One exact copy of the listing, minus the images, is the required answer.

*Source data*.
· · · ·

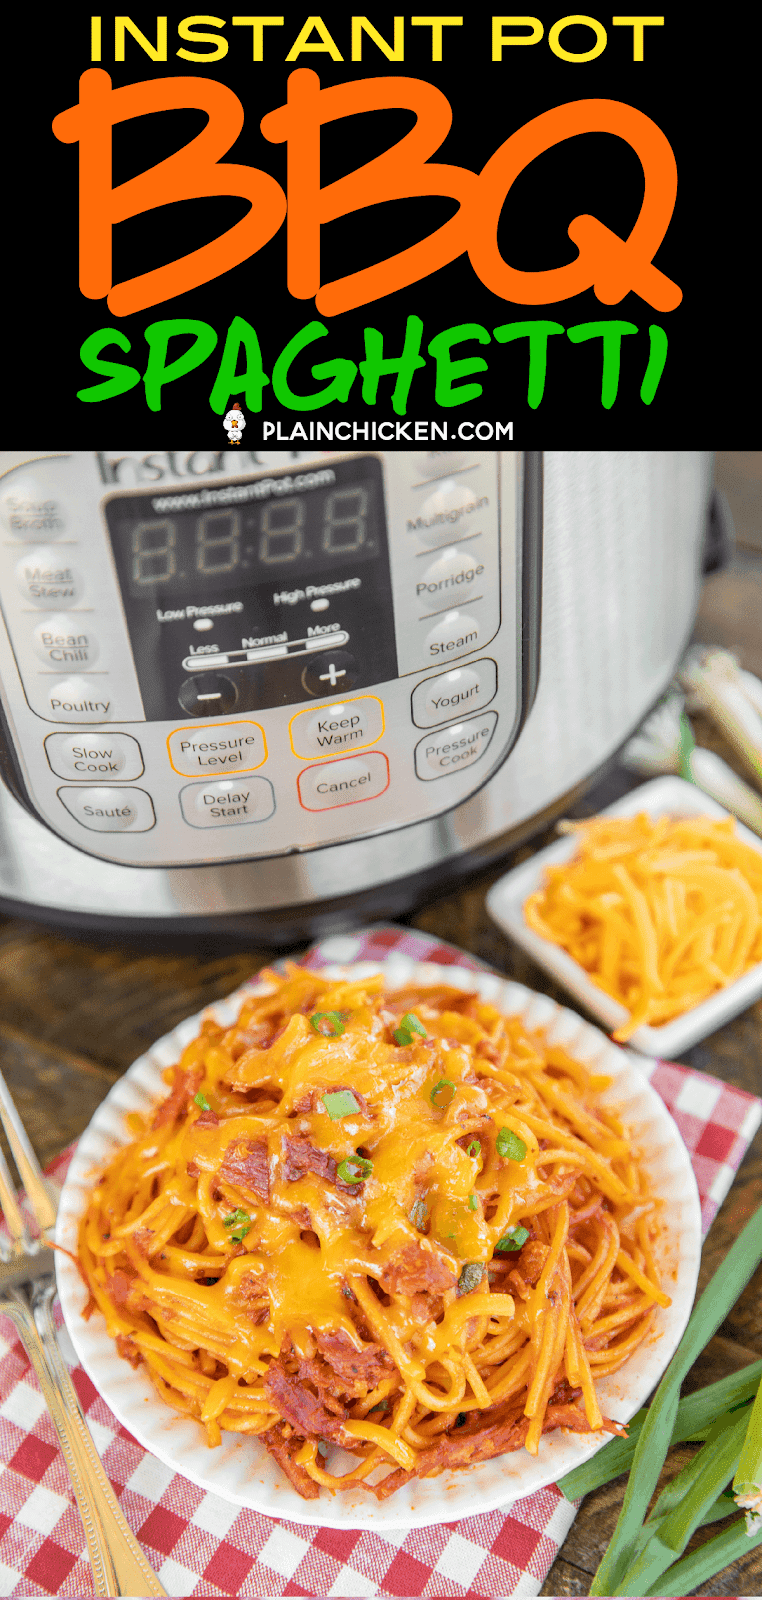 bbq spaghetti on a plate with an instant pot in the background
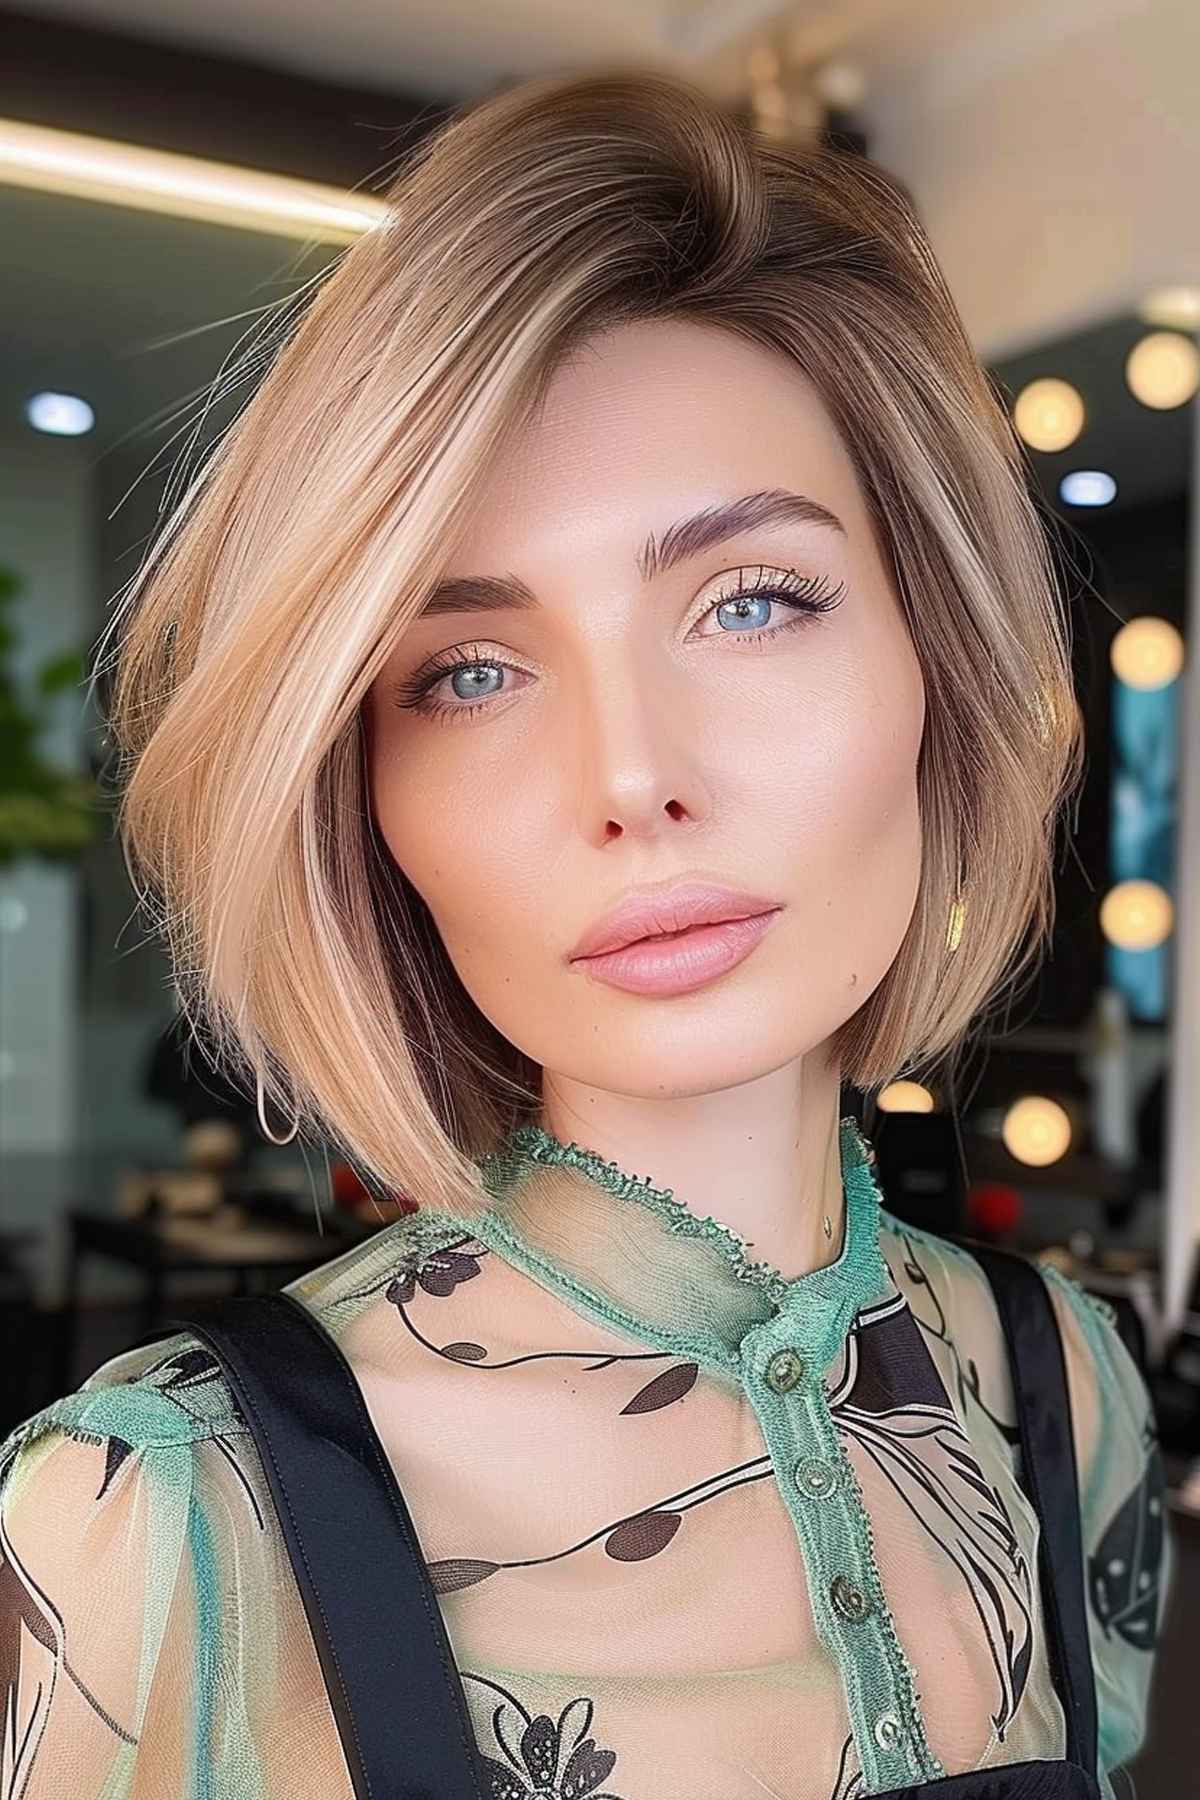 Smashing short blunt cut bob with a deep side part and blonde highlights
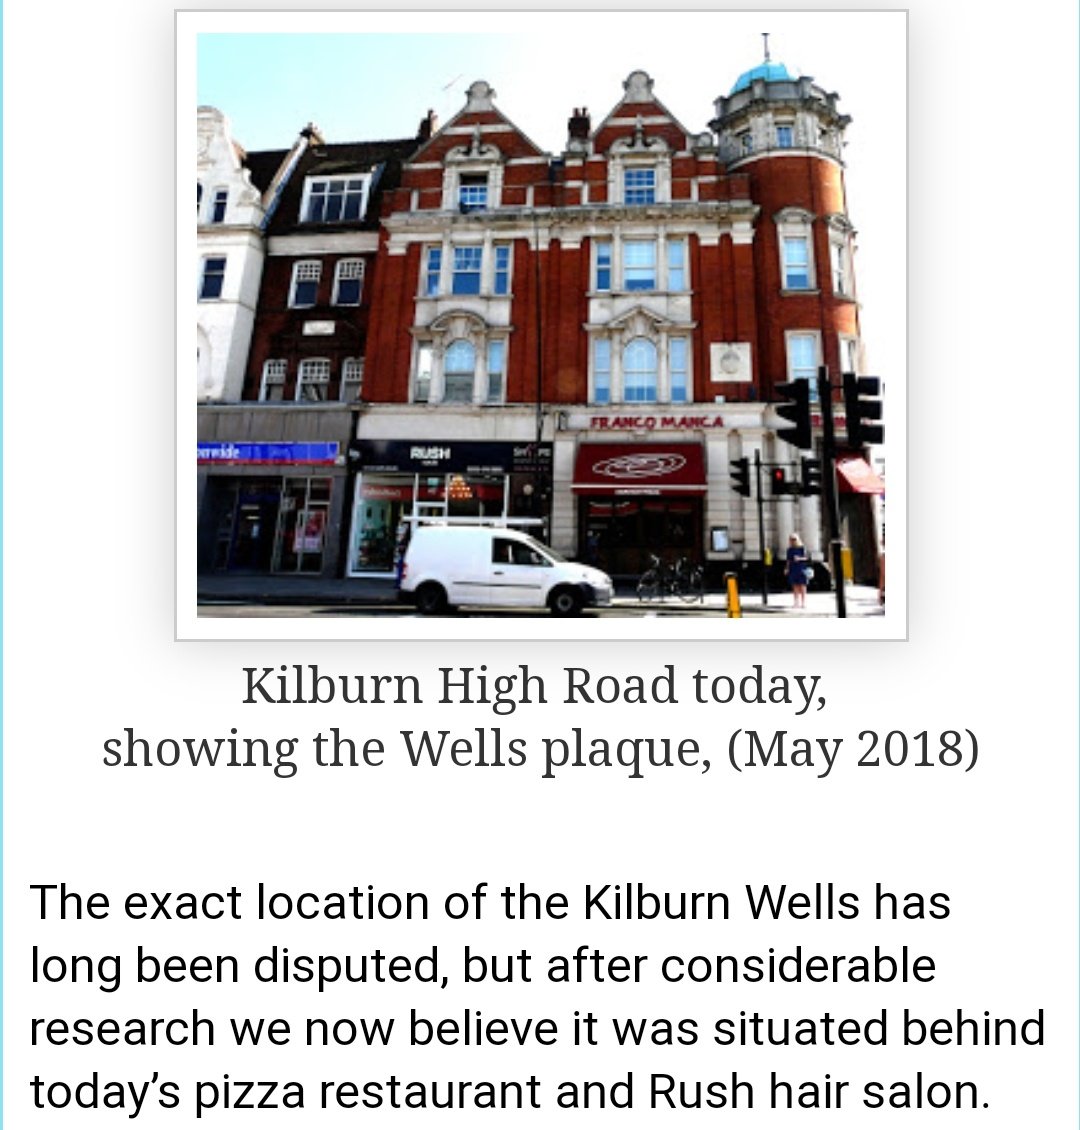 The water from this spring was then discovered to contain properties similar to Epsom Salts and gave rise to spas and pleasure gardens including the Kilburn Wells or Bell Inn.All that is left of it now is a plaque on the wall and floor on Kilburn High Road
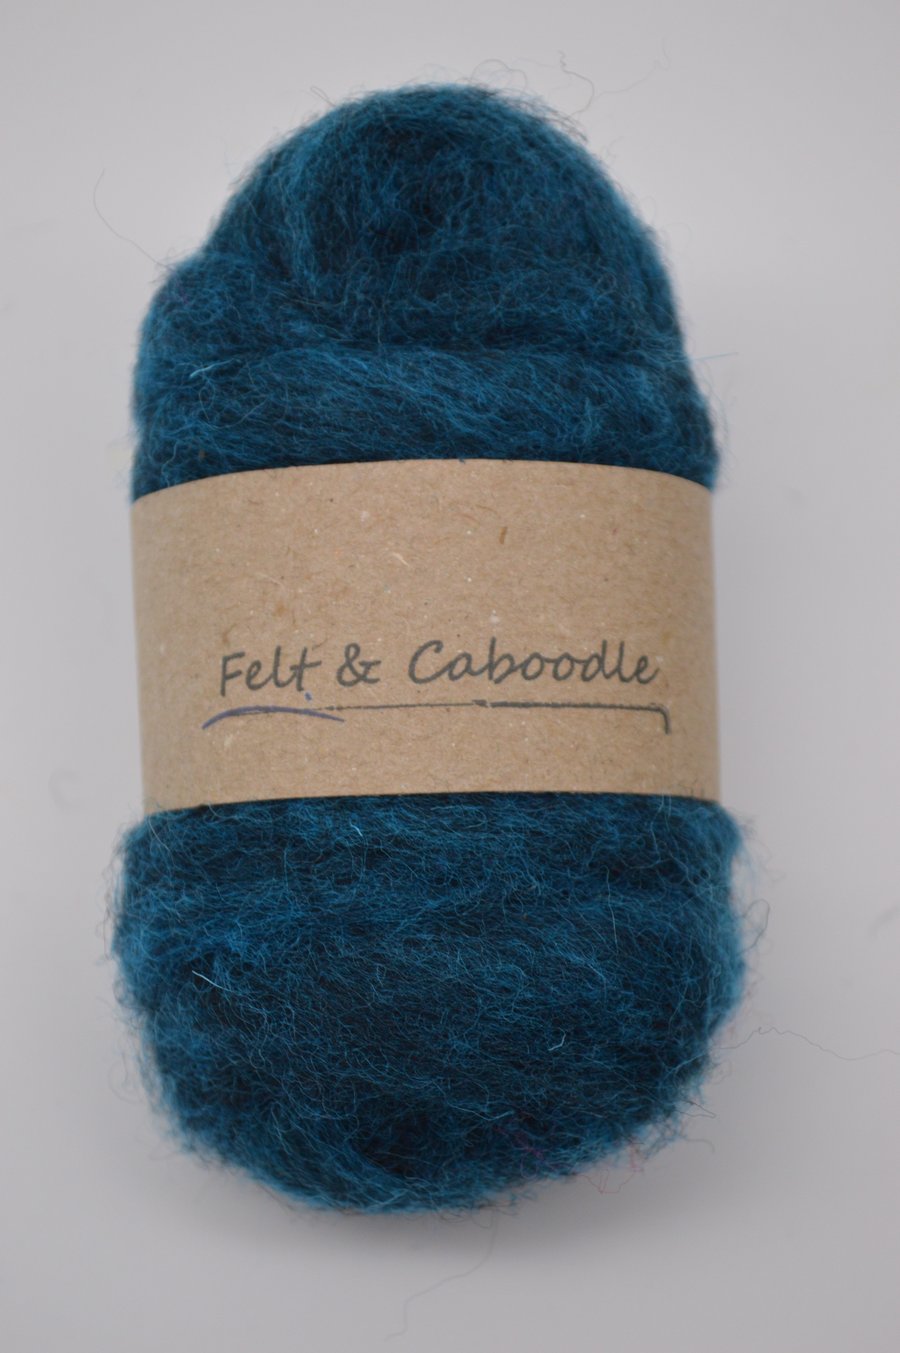 Carded Corriedale woolcolour mix, Blue

· · · ·

*Task response*.
 bbq spaghetti on a plate with an instant pot in the background
 Smashing short blunt cut bob with a deep side part and blonde highlights
 The water from this spring was then discovered to contain properties similar to Epsom Salts and gave rise to spas and pleasure gardens including the Kilburn Wells or Bell Inn.All that is left of it now is a plaque on the wall and floor on Kilburn High Road
 Carded Corriedale woolcolour mix, Blue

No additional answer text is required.